■ Data ■
•••
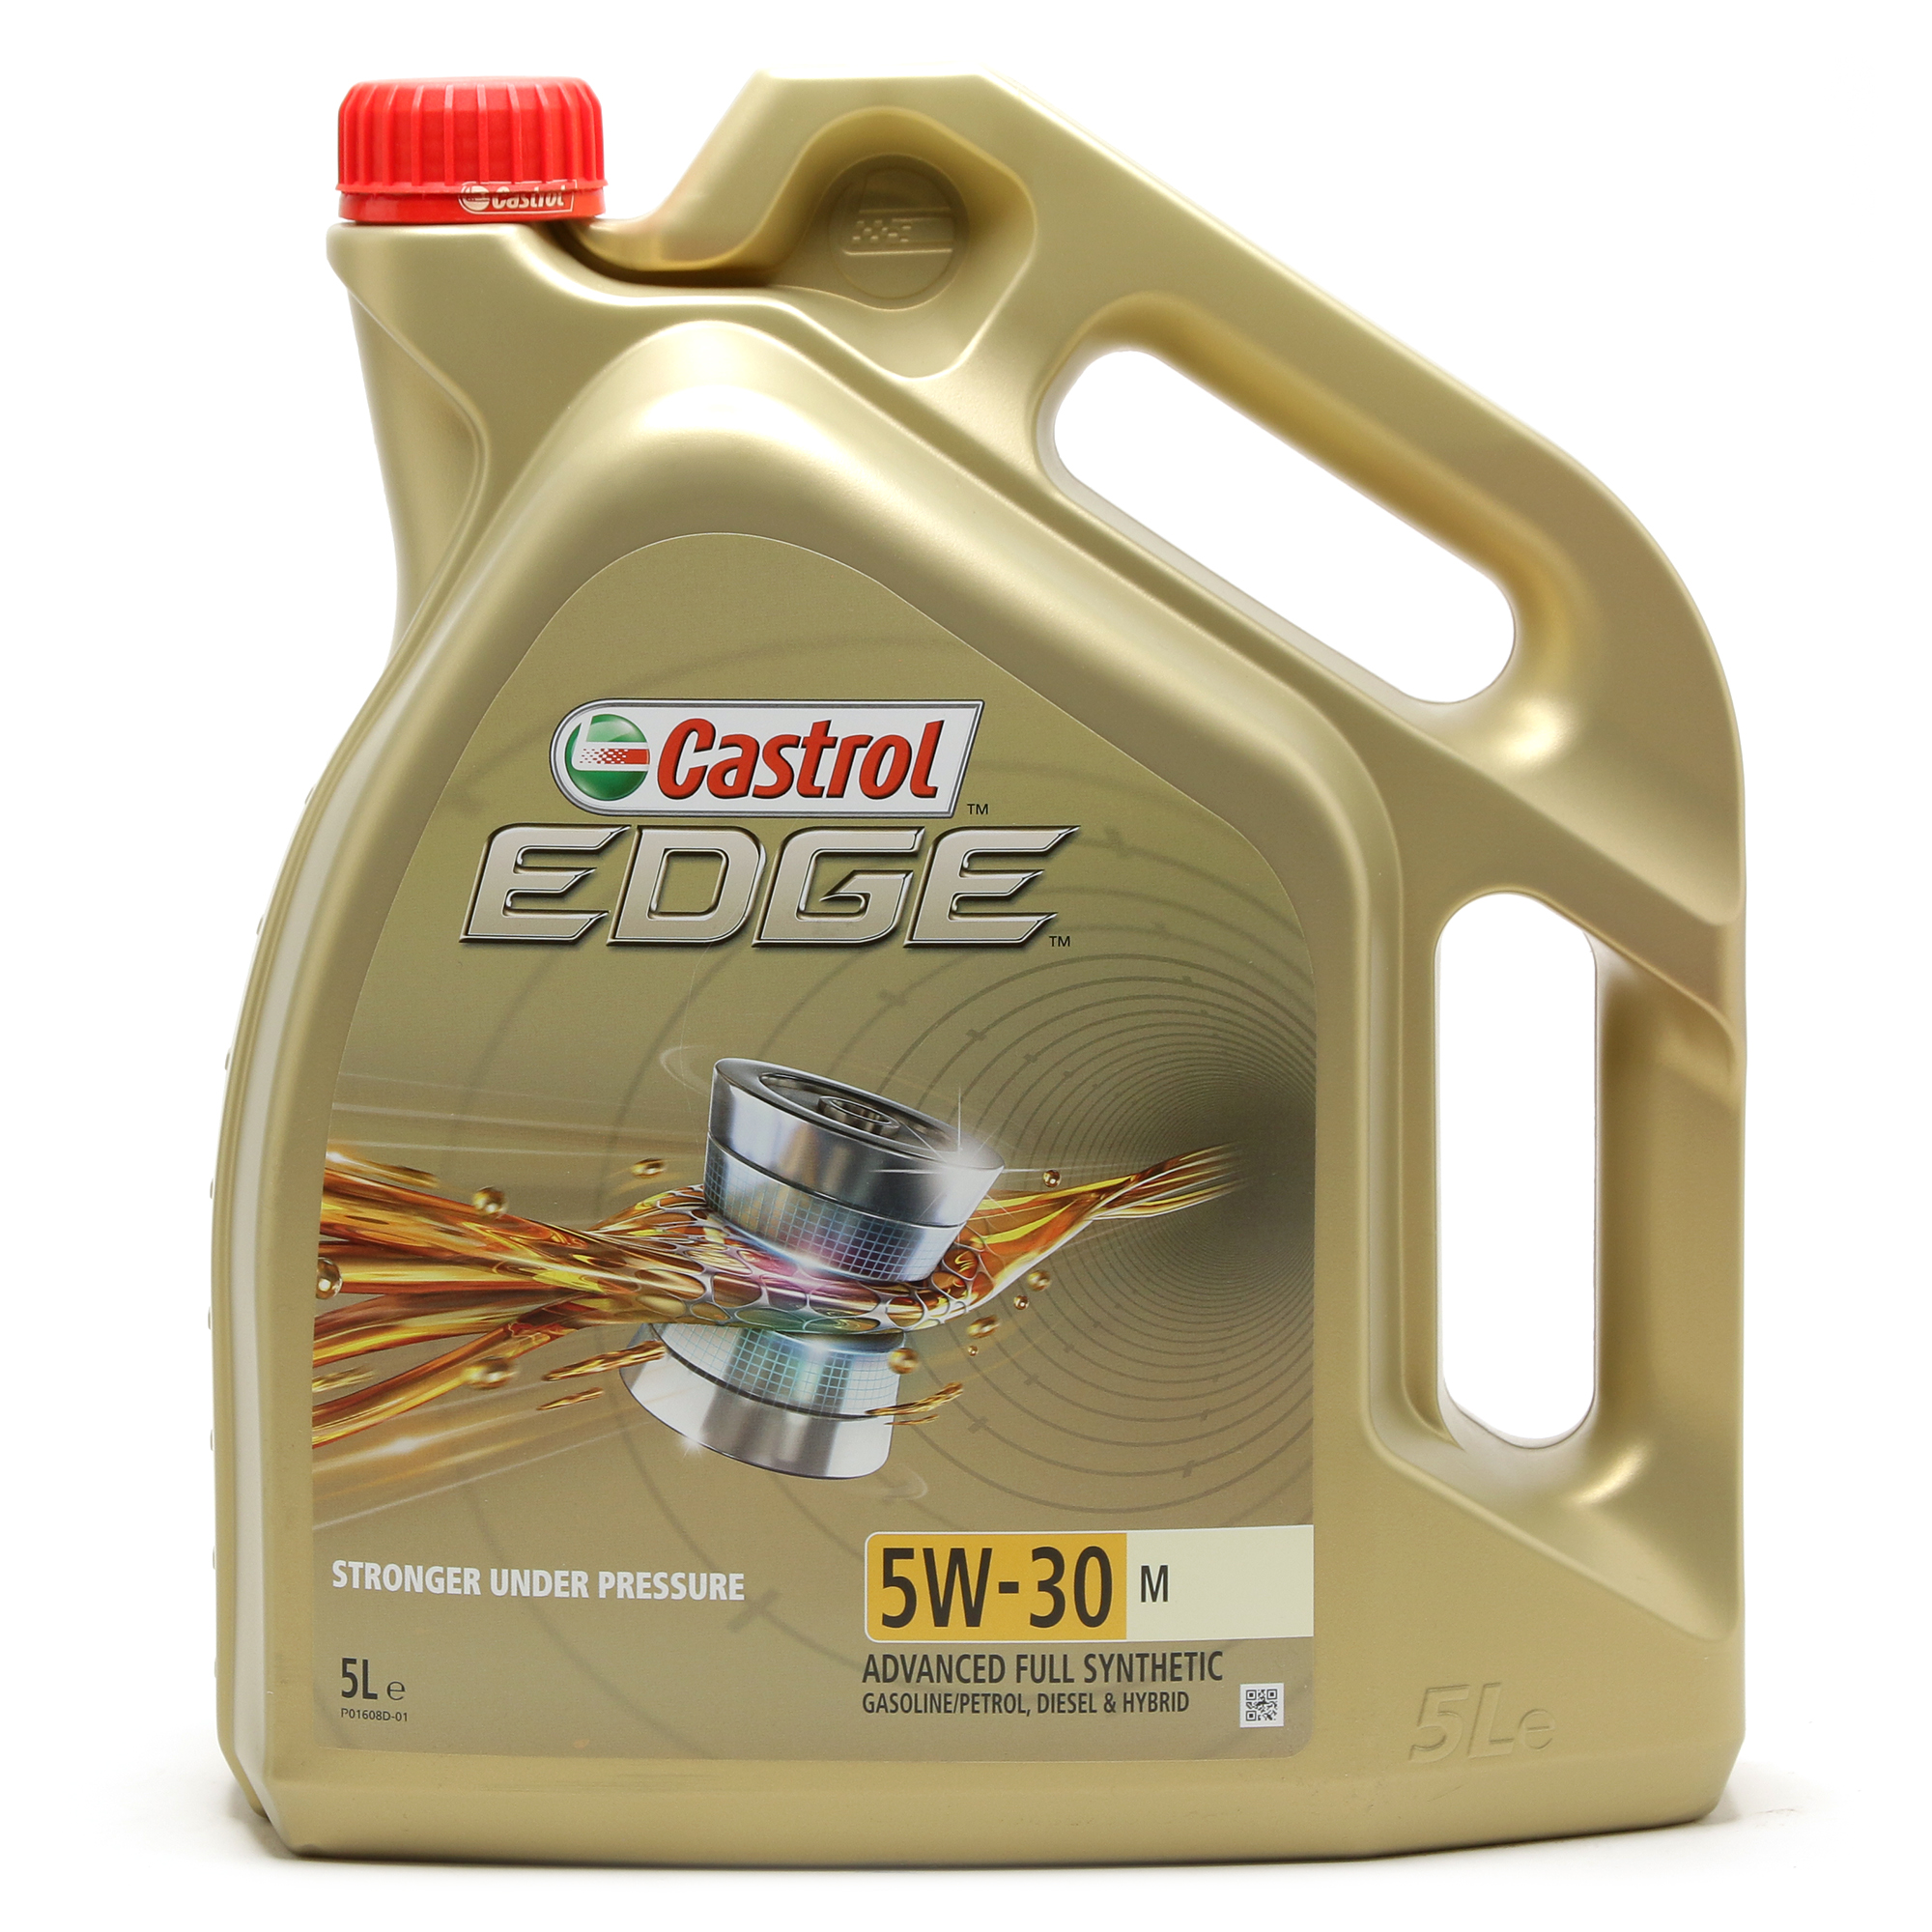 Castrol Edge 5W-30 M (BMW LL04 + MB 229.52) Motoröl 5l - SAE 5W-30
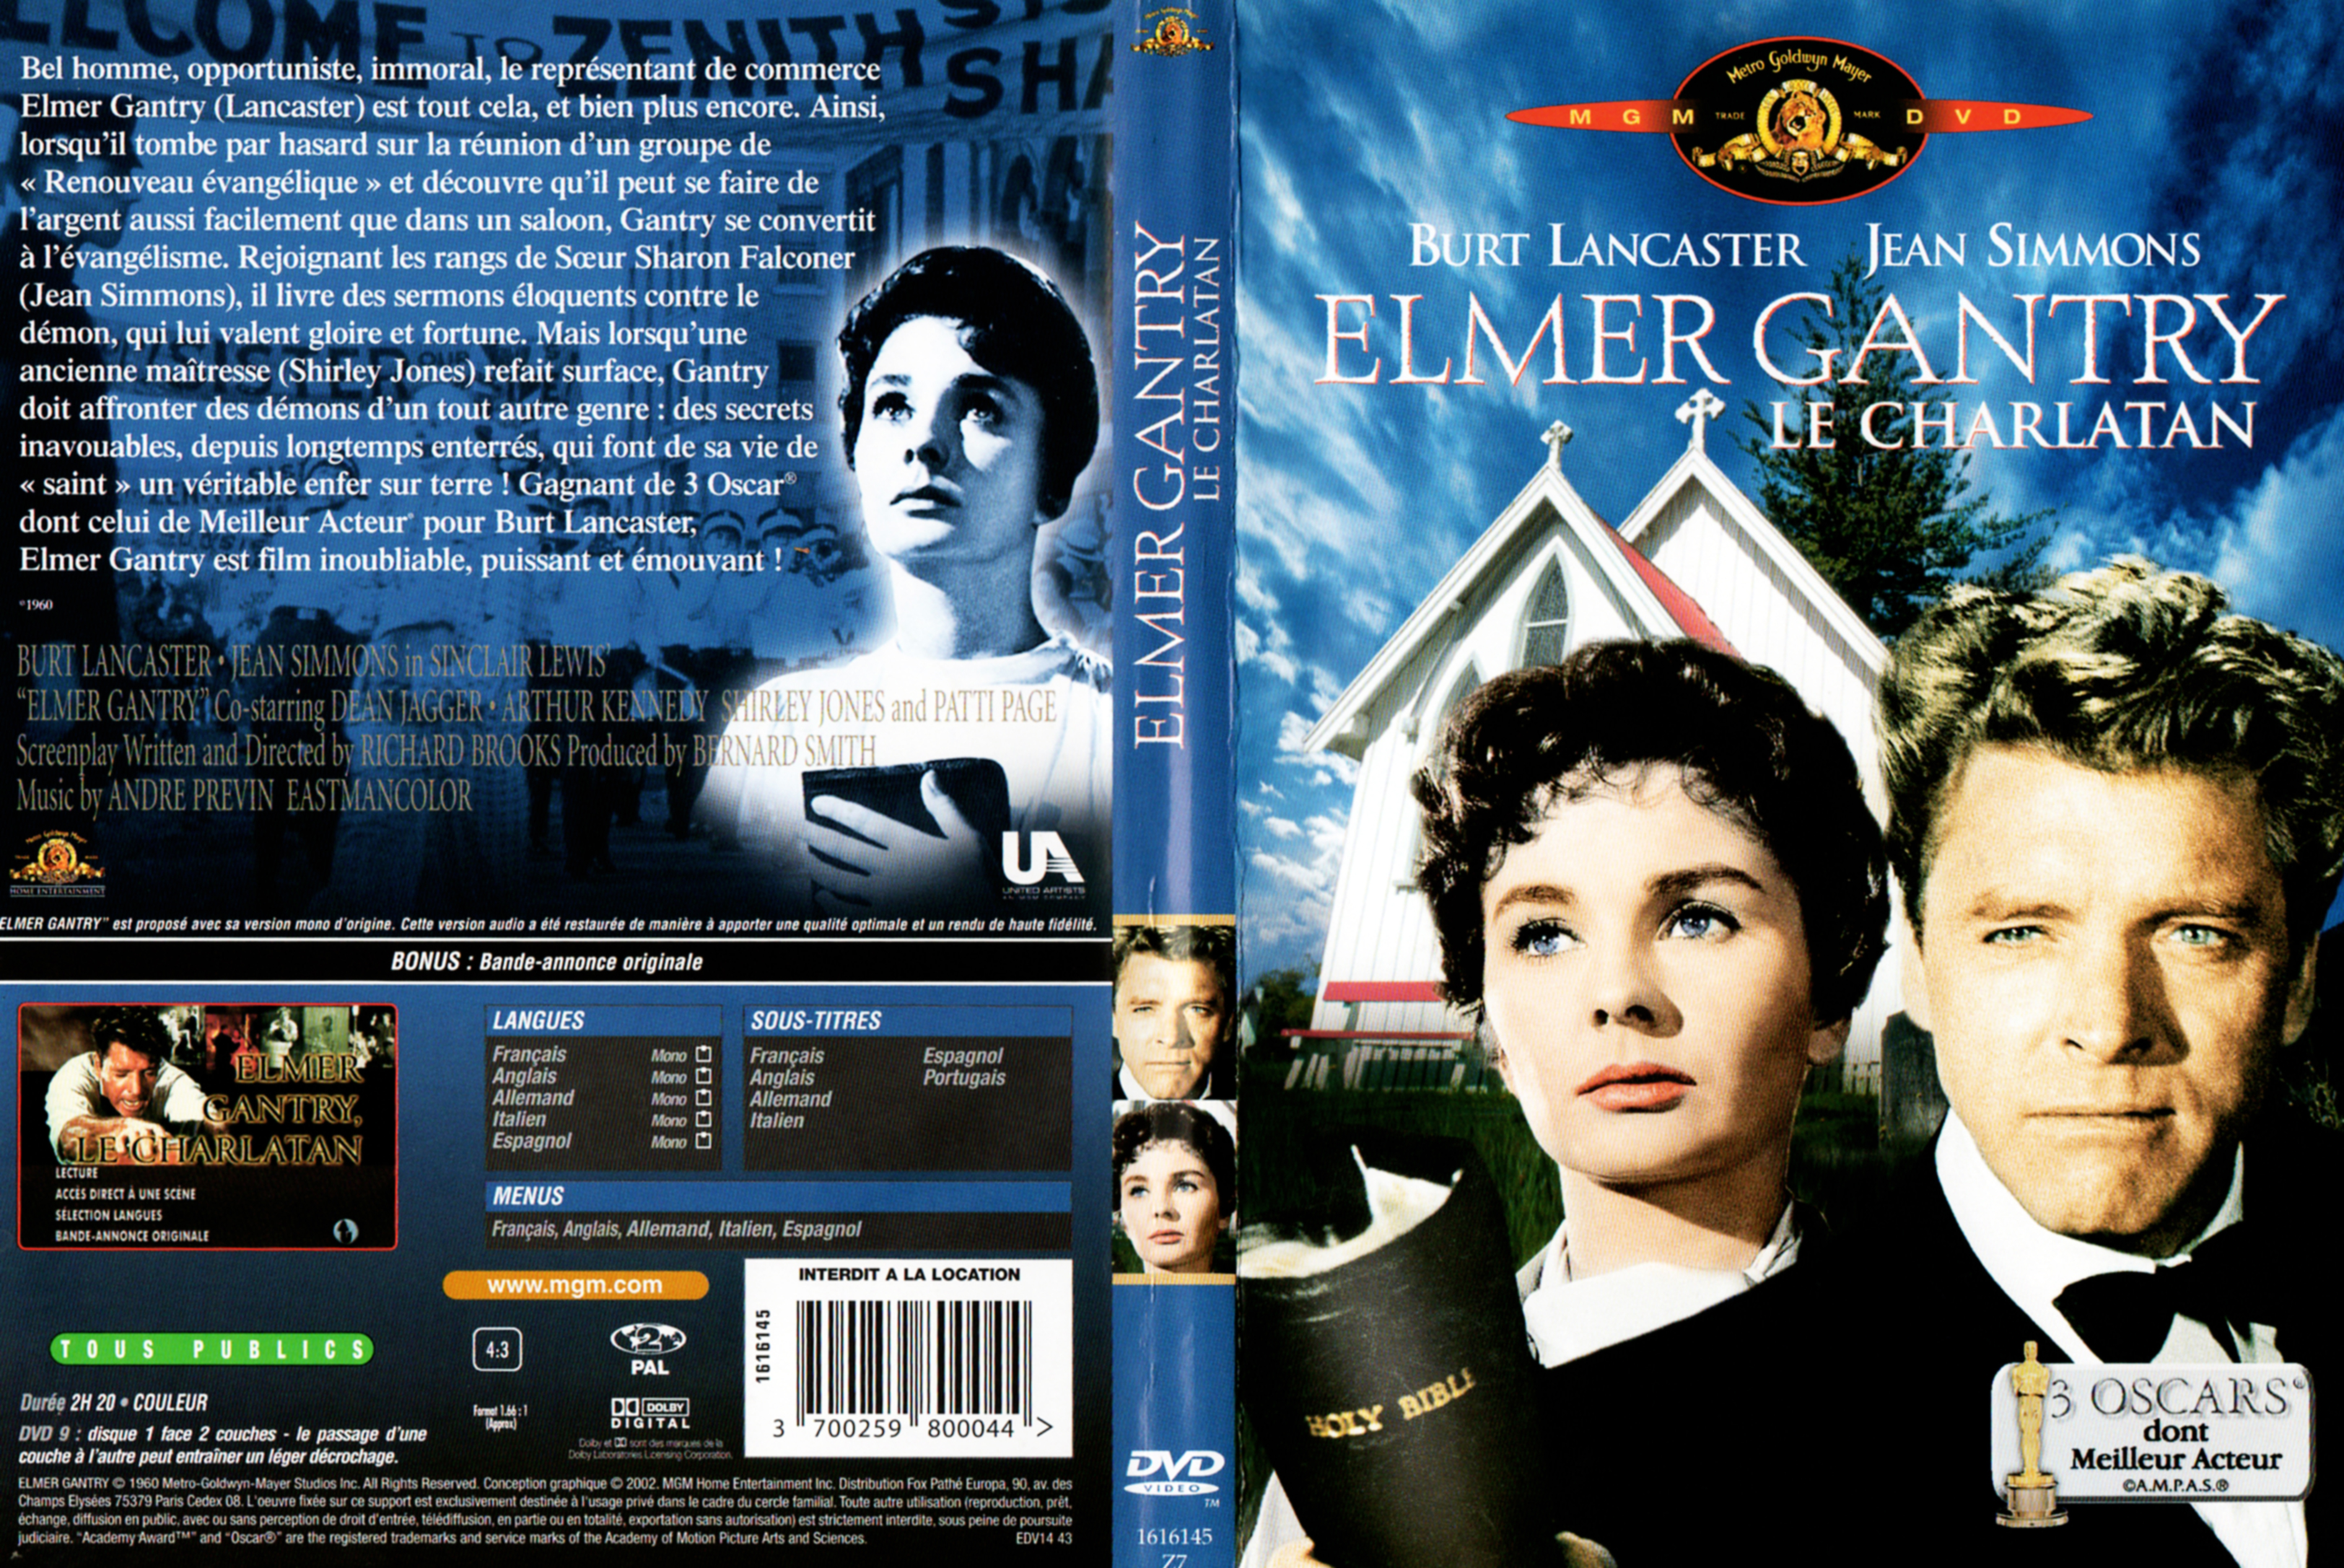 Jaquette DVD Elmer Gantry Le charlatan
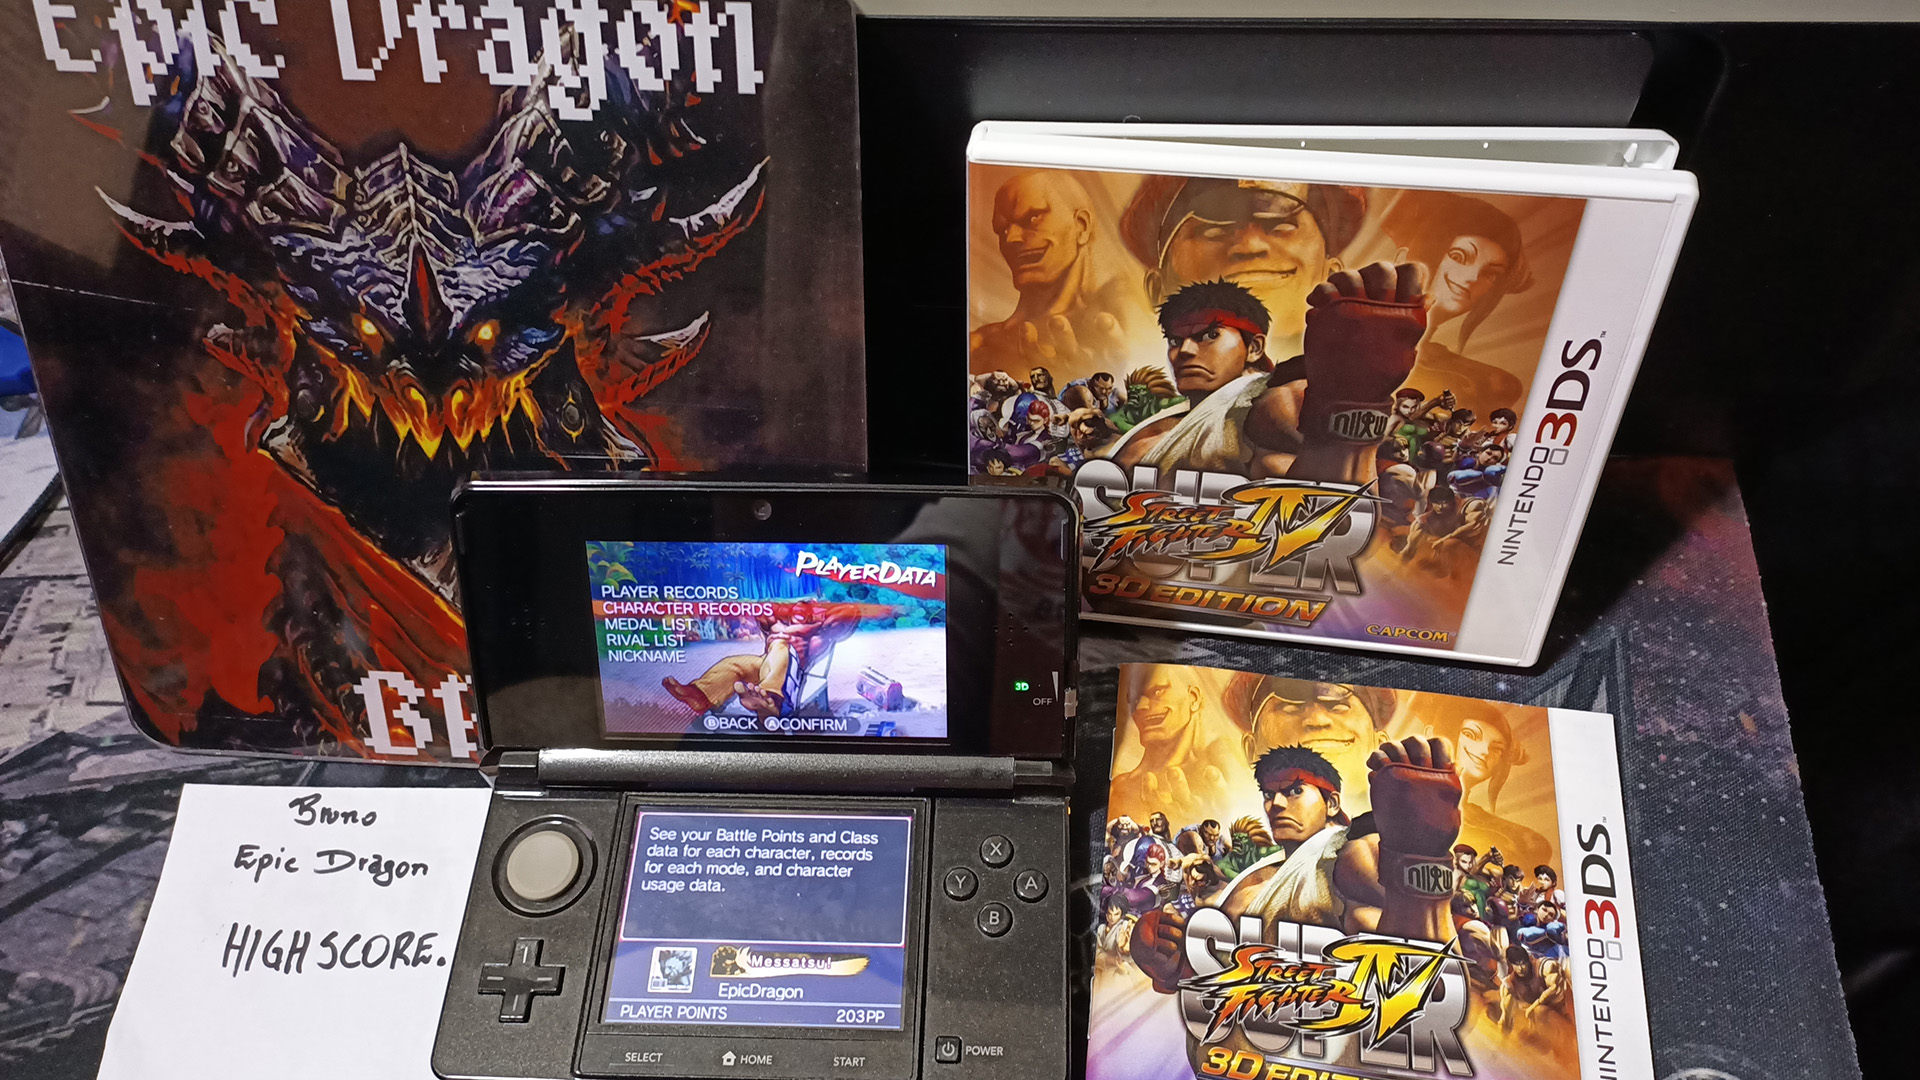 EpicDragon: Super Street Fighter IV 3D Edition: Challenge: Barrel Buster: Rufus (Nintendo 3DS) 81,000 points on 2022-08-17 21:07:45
•••
■ Description of the task ■
Please leave the images out and retype the rest of the material exactly.

■ Task solution ■
 Castrol Edge 5W-30 M (BMW LL04 + MB 229.52) Motoröl 5l - SAE 5W-30
 Jaquette DVD Elmer Gantry Le charlatan
 EpicDragon: Super Street Fighter IV 3D Edition: Challenge: Barrel Buster: Rufus (Nintendo 3DS) 81,000 points on 2022-08-17 21:07:45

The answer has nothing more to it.